**DATA EXCERPT:**
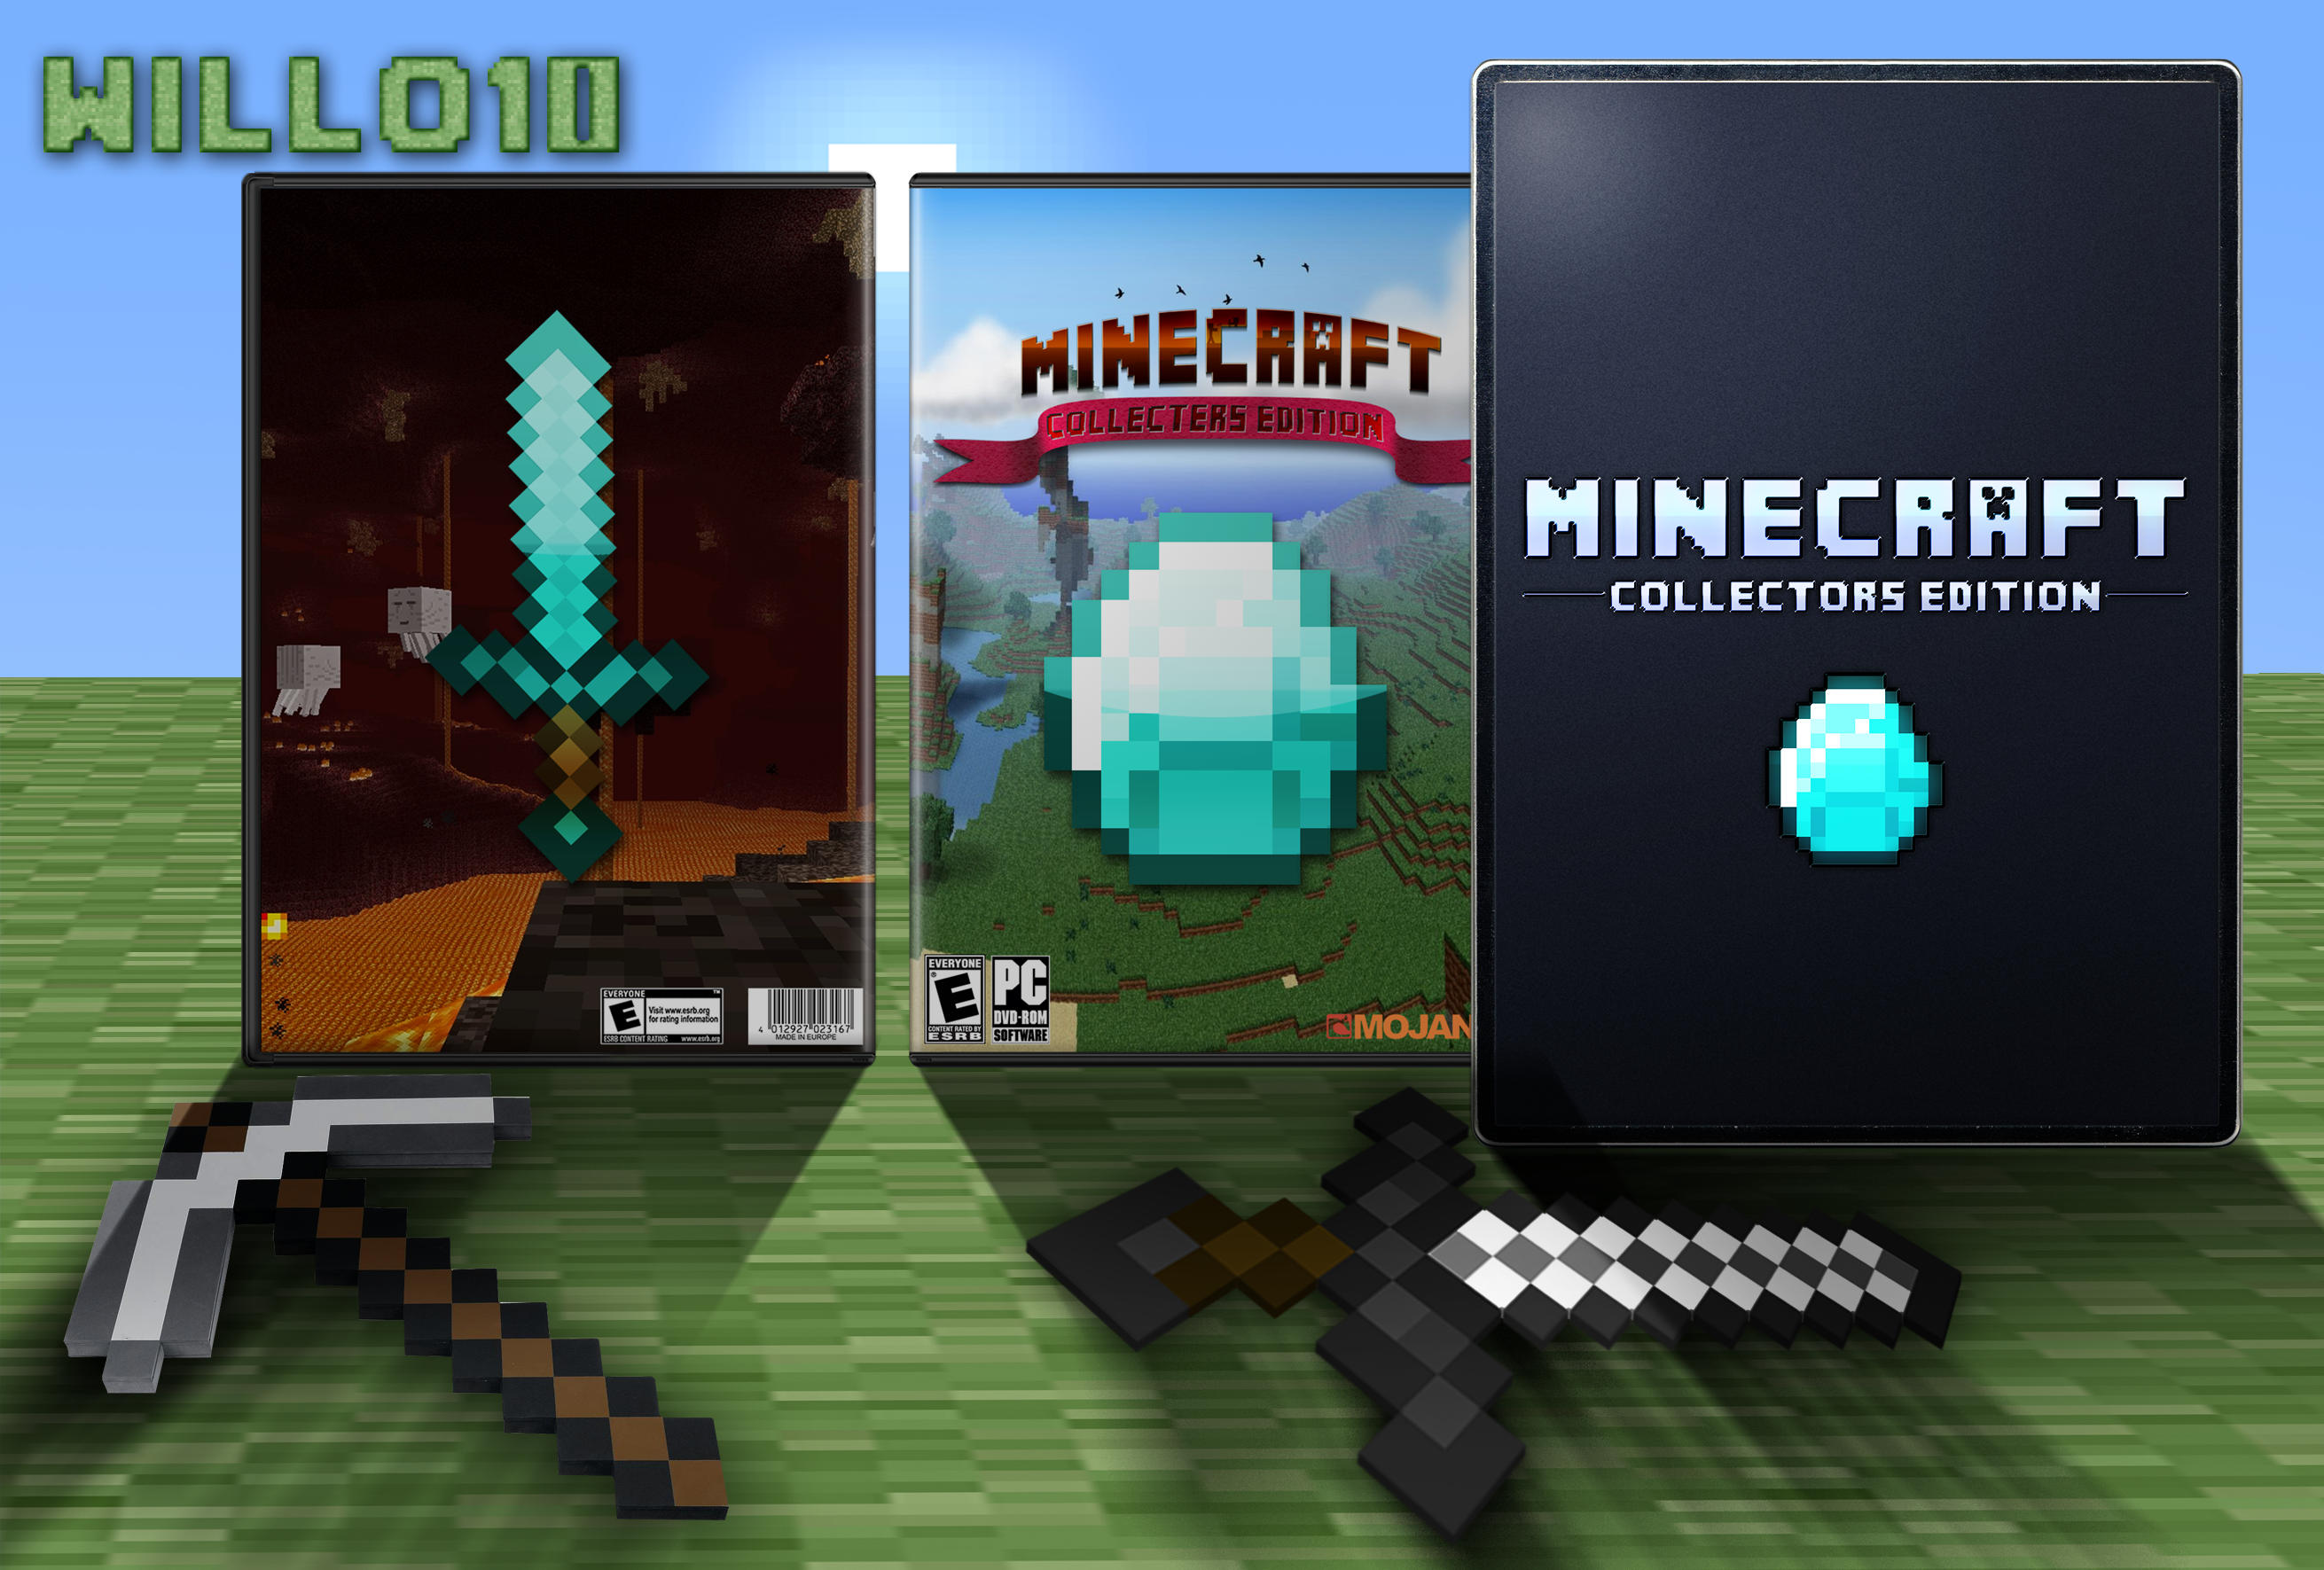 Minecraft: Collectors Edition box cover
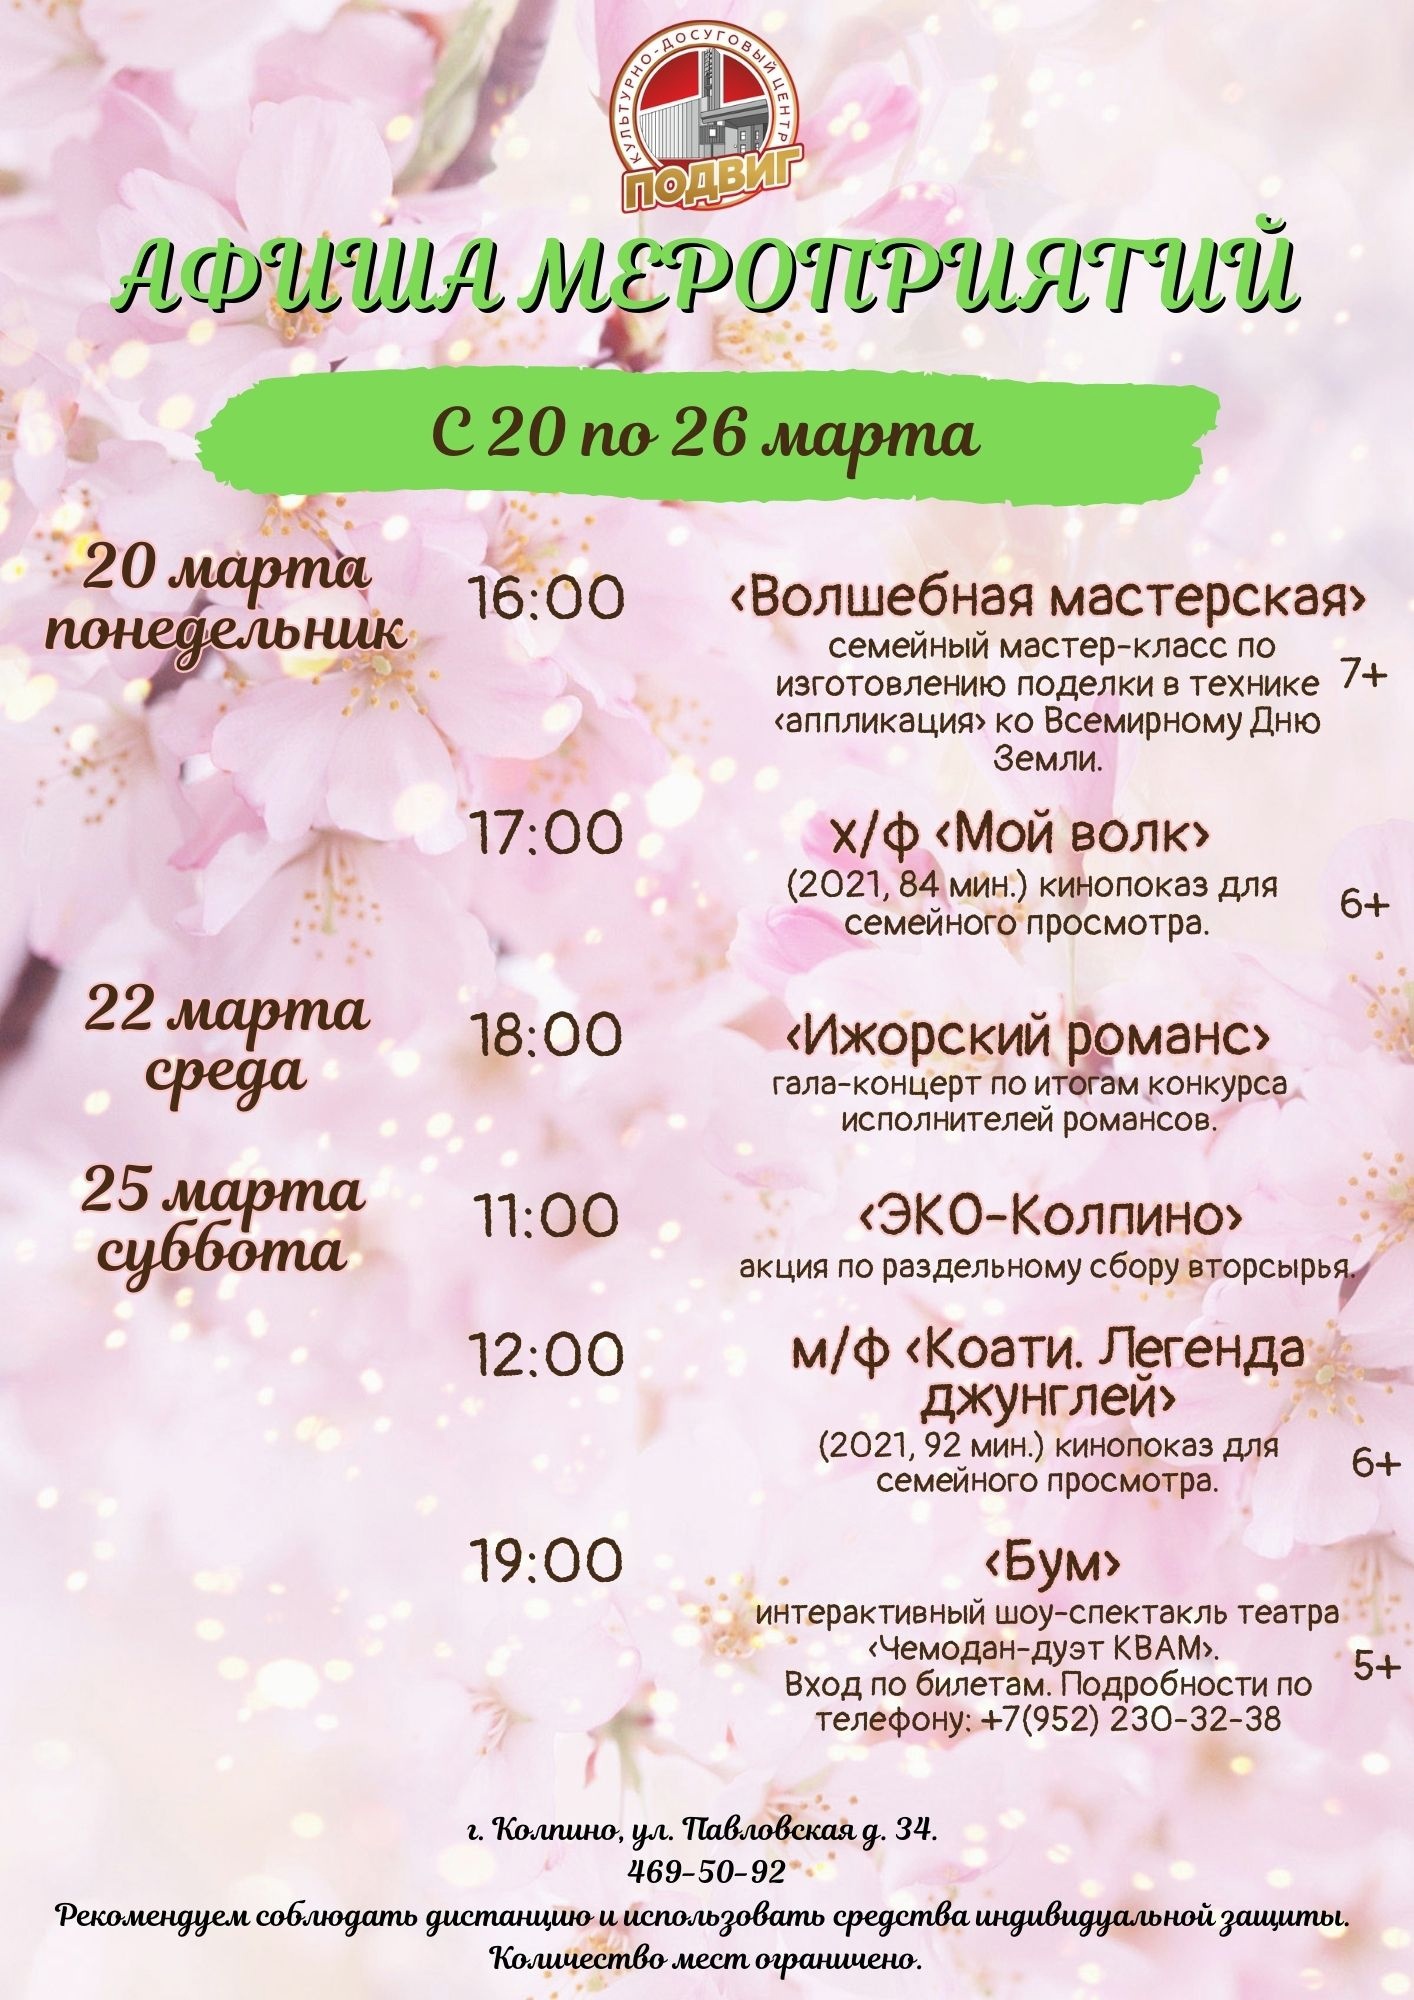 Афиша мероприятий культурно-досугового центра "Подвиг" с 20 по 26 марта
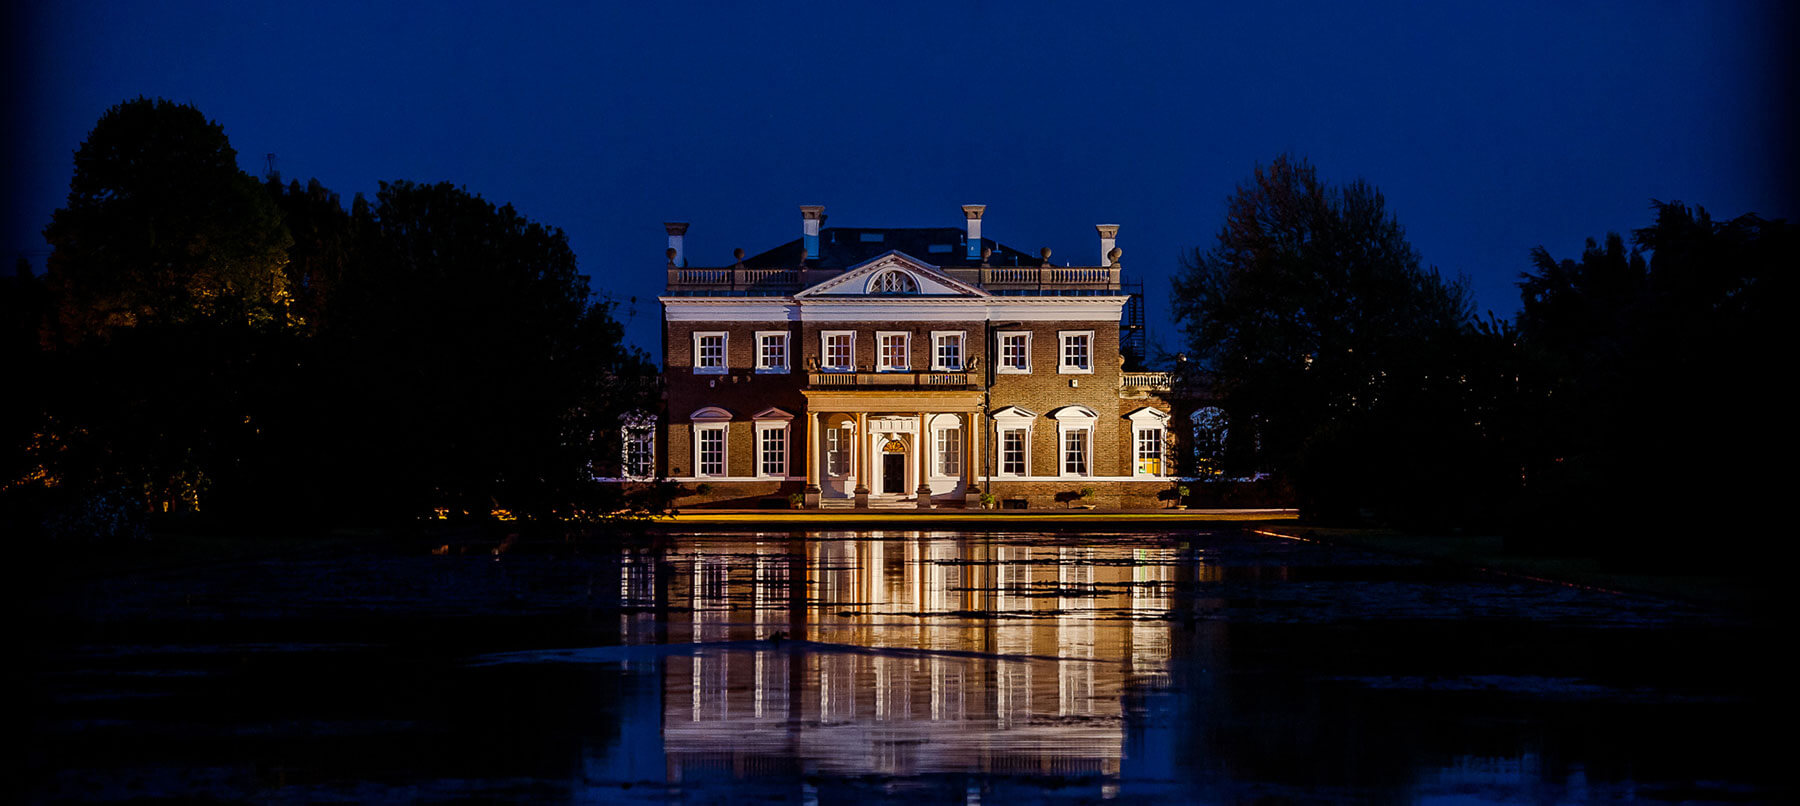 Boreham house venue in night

**WHAT TO DO:** Give back the data verbatim. The pictures are not part of the copy.

**REPLY TO THE EXERCISE:**
 Minecraft: Collectors Edition box cover
 Афиша мероприятий культурно-досугового центра "Подвиг" с 20 по 26 марта
 Boreham house venue in night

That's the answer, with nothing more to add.